I noticed that this hasn't been mentioned yet, so I'll bring it up here. While RF-based noise generators can be influenced by outside sources, using an RTL-SDR with https://github.com/pwarren/rtl-entropy can be a great way to get environmental RF noise.

In actual reality, the generator won't be influenced, because it will require a strong signal, close by, likely transmitting illegally on the frequency you are listening to (of course, the attacker would need to know the frequency you're tuned to). Simple monitoring tools and scripts can be used to test the quality of the generator output. If the quality of the randomness begins to fail, as would happen with deliberate RF interference, then the script would stop outputting bits, and alert the administrator.
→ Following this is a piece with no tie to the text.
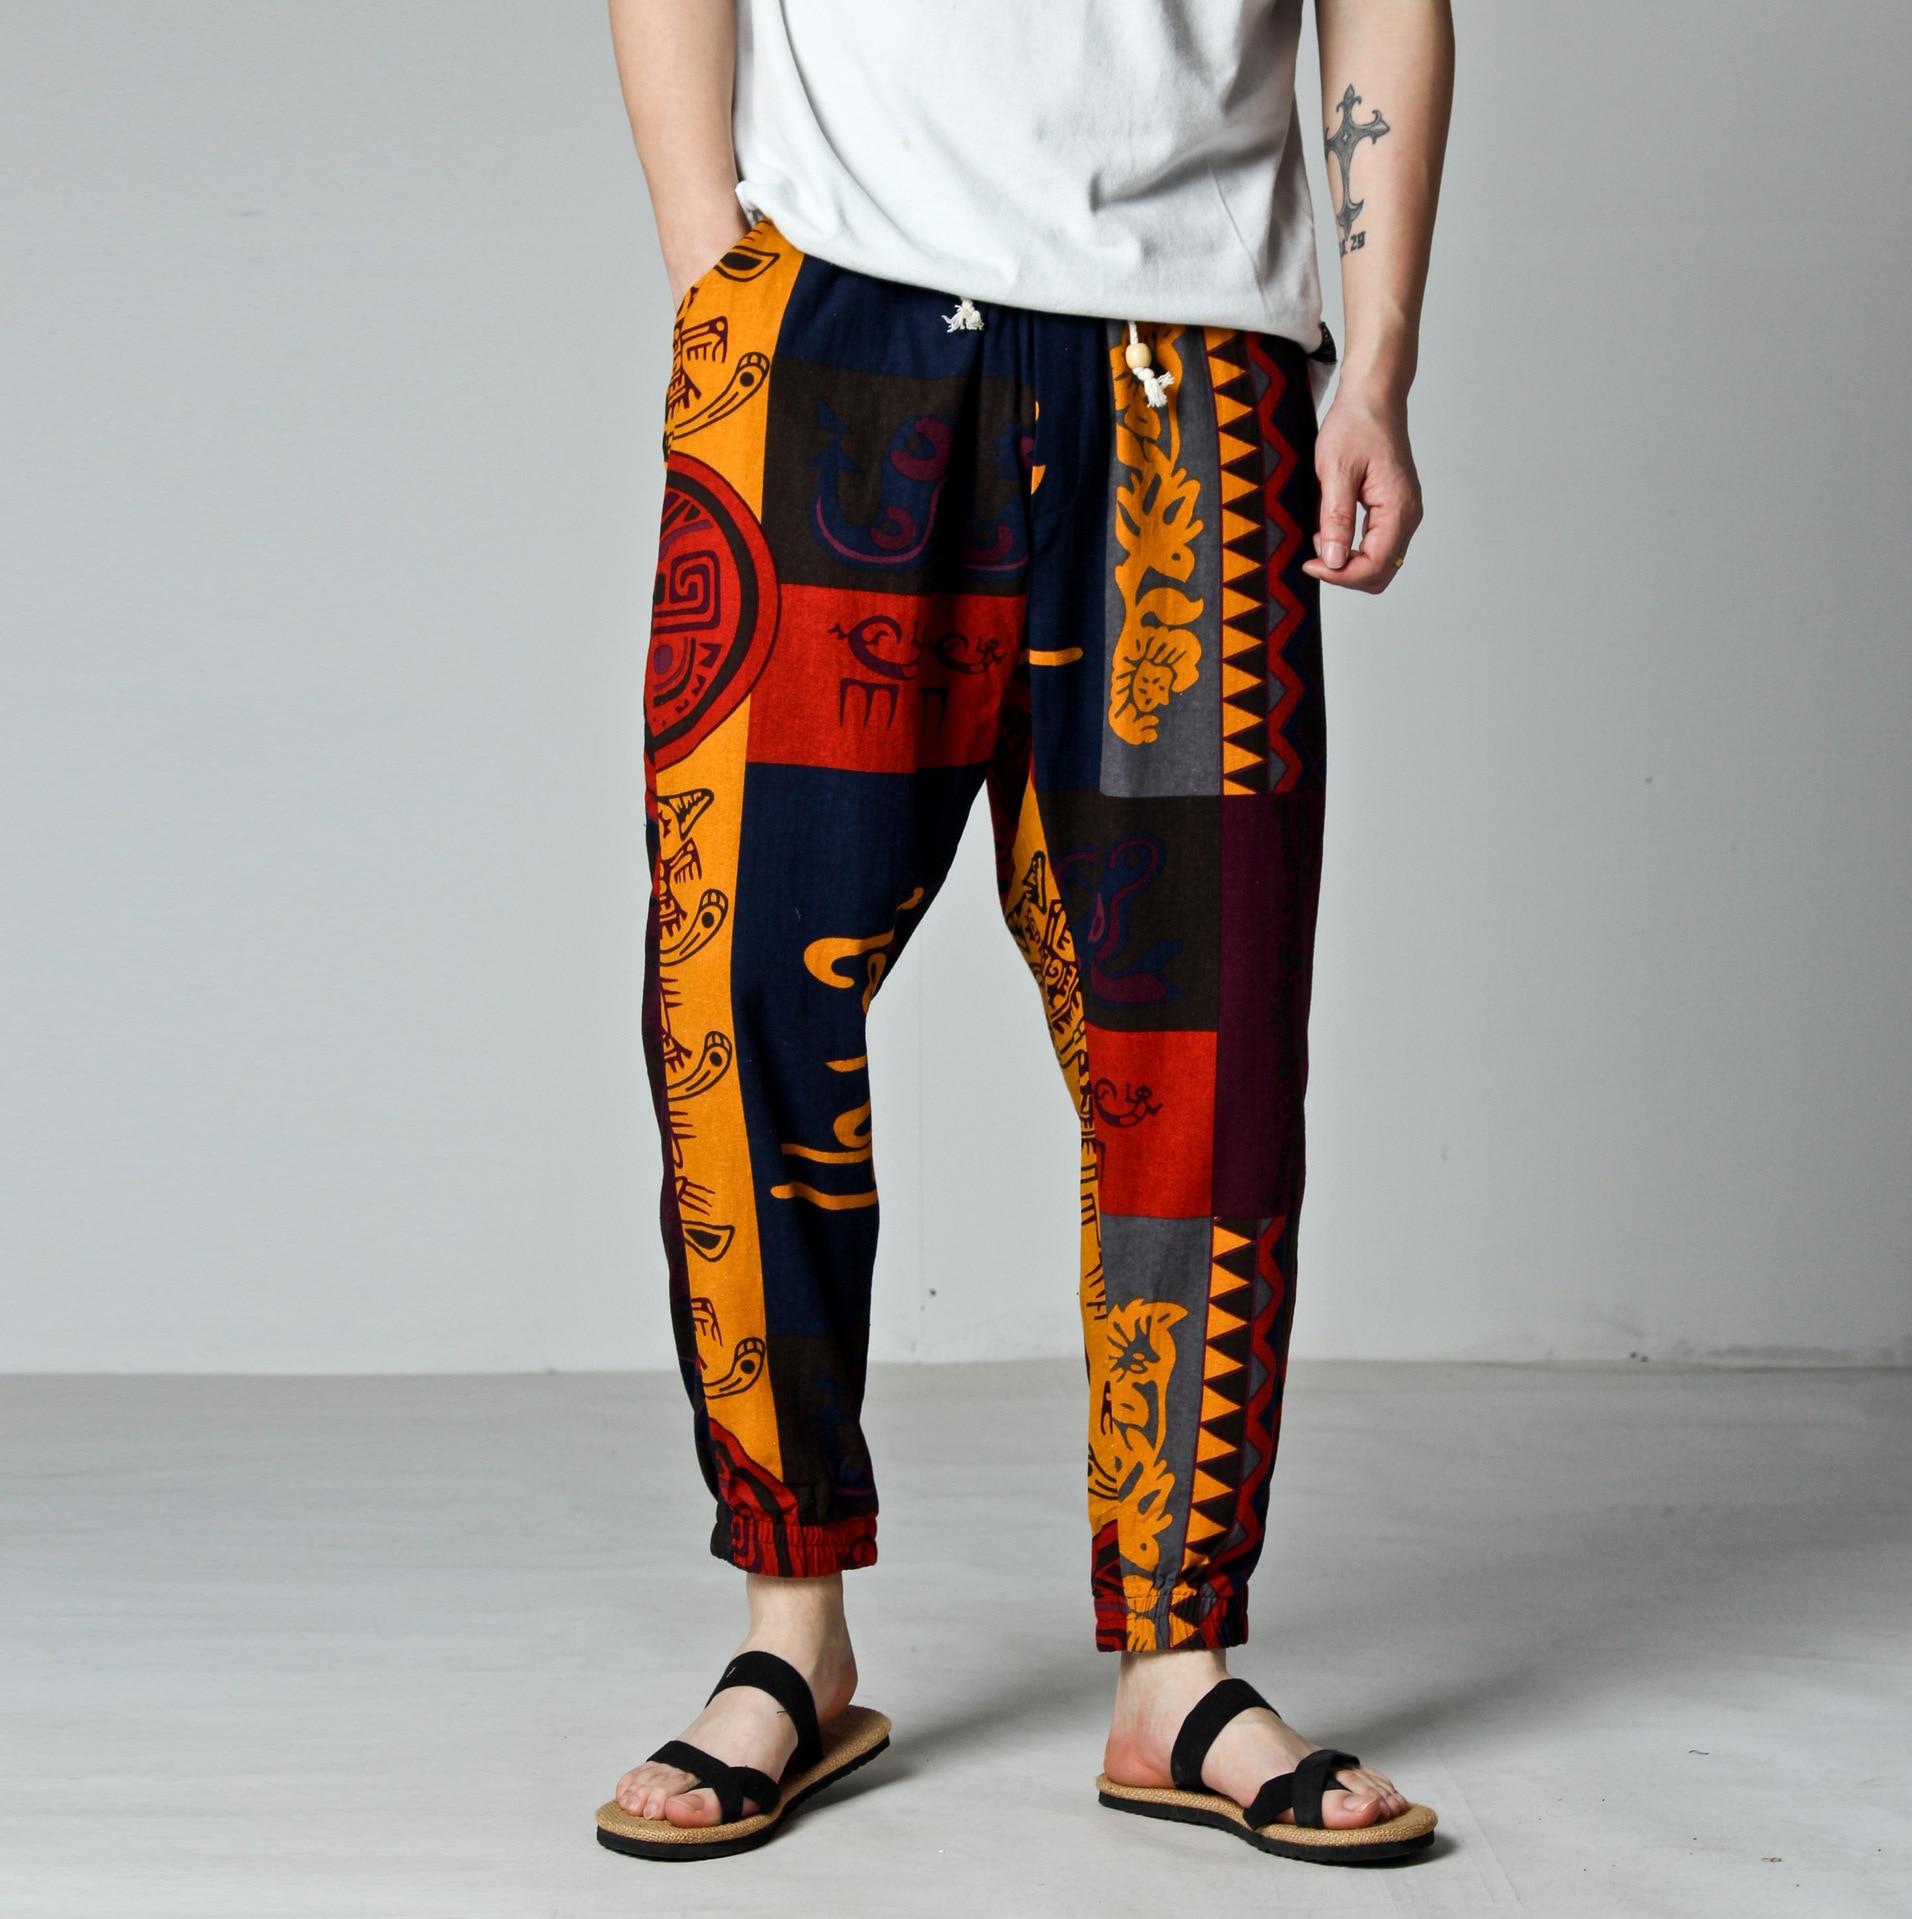 Export Southeast Asia Chinese-style Flax Casual 9 Pants Men Loose Harem Pants Large Size Capri Pants Men's
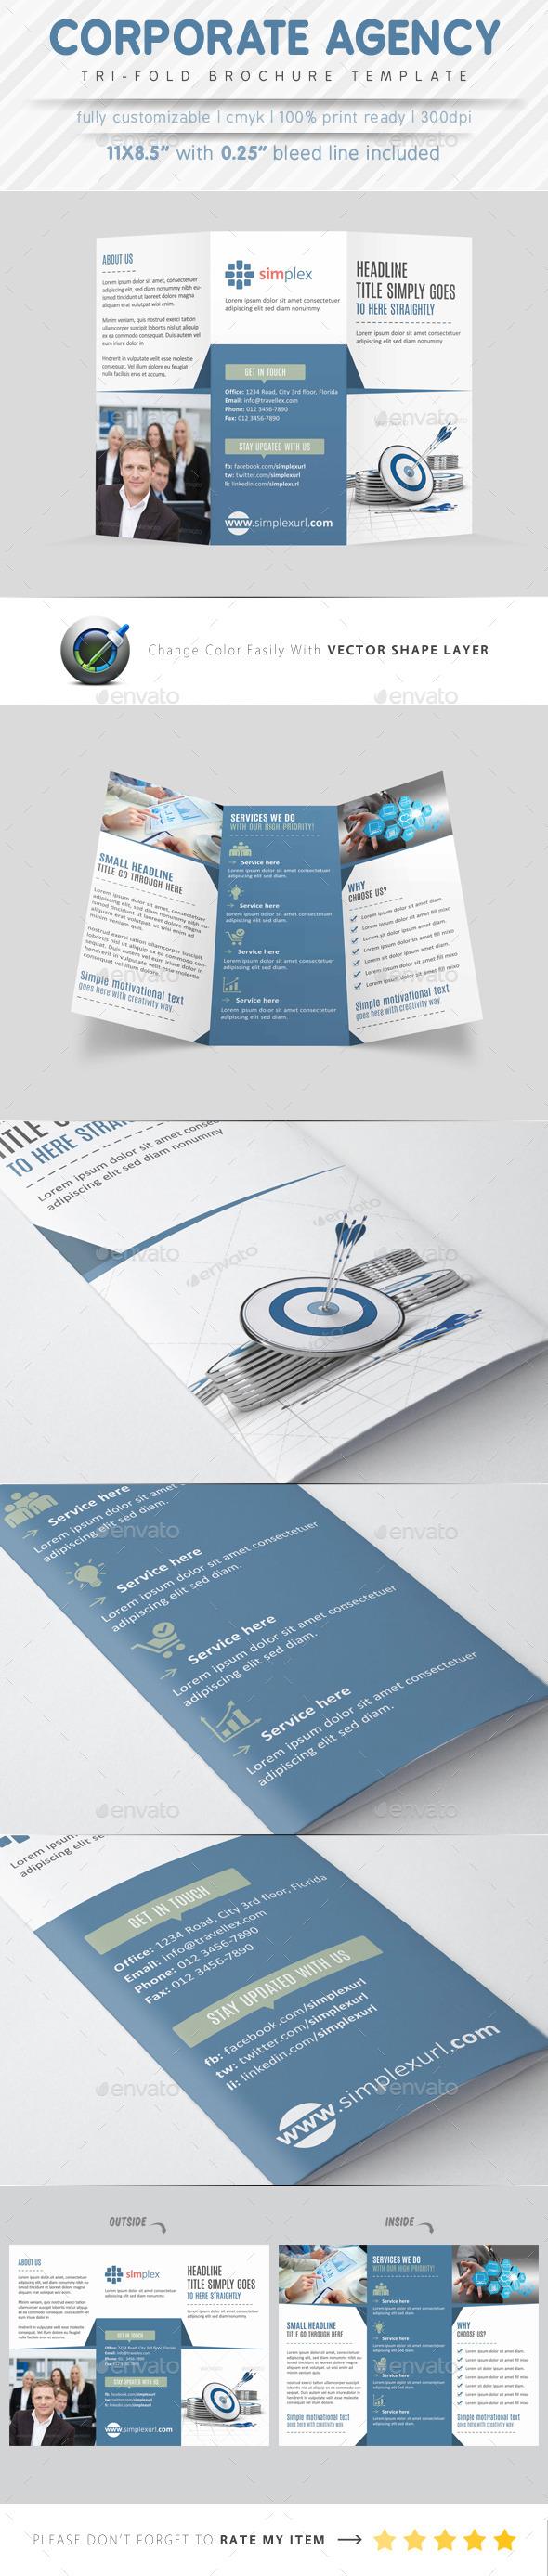 GraphicRiver Corporate Agency Tri Fold Brochure 9280076

Or, even better, switch to a different frequency, chosen at random by the kernel CSPRNG.

What's great about using the RTL-SDR as an RNG, is these devices are cheap (about $20) and can output 3 MiBps, which vastly out performs any USB HWRNG that I have personally tested for the value (bits per second per dollar).

FWIW, random.org uses RF noise as the basis for delivering random numbers to the Internet.

Anyway, FYI.

well, it makes a lot of man in the middle : the HW USB susbsystem, the USB driver, the OS, the driver or the electronic doing the interface. Plus it makes a lot of electromagnetic vulnerabilities (reading/influencing with a magnetic field)

A purely paranoid person would really prefer something with an antenna (to get some noise by detection), some RLC, a defective/chaotic oscillator on the dye of an a SOC that makes it embedded and you can verify by looking with a microscope that you shield in a Faraday cage.

And no, deciphering logic of a microchip with a microscope is not that hard ; almost anyone can do it with a tad of training and some education.

Looks great! So how do I buy one? Is it still in development?